The AI Revolution marches on!
Or does it?
For the last eighteen or so months, the buzz over AI has been overwhelming – but far from positive. This breakthrough technology has been widely hyped across news media sources, alternatively depressing and elating consumers.
The advent of ChatGPT appeared to do for AI what the iPod did for music listening and Serial did for podcasts.
But the iPod is now virtually obsolete, replaced by our smartphones and tablets. And the podcasting universe continues to chase the next big hit after Serial like the radio and music industries did after the Beatles. Sustainable successes and monetization are elusive. With any new technology, it is exceedingly difficult to innovate at the original rate that first blew our minds.

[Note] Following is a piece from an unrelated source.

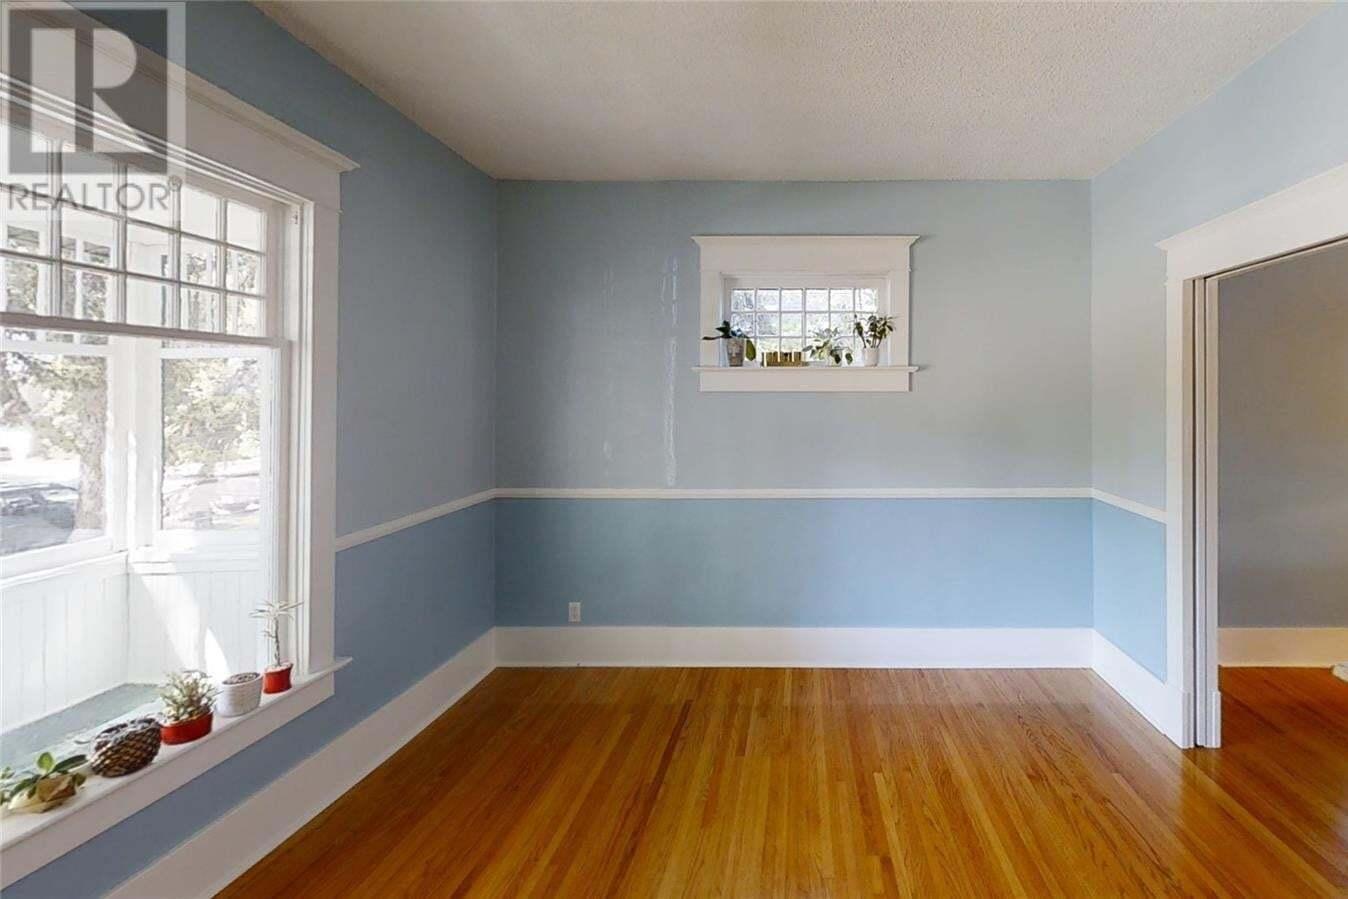 House for sale at 817 15th St E Saskatoon Saskatchewan - MLS: SK810578

The iPhone is a great case in point. The original was the very definition of a “game changer.” That first smartphone from Apple was indeed a moment on the tech curve. And it was turbocharged by Apple’s creation of its App Store three years later. “There’s an app for that” isn’t just another marketing slogan. It became the mantra that has powered business, organizations, and other entities on smartphones for a decade and a half.
But as next generation iPhones kept being released year after year, innovation slowed. These days, the hot “new features” are things like improved cameras and a titanium case – a far cry from the enthusiasm Steve Jobs generated when he held up the first iPhone at the Macworld Conference & Expo in San Francisco back in 2007.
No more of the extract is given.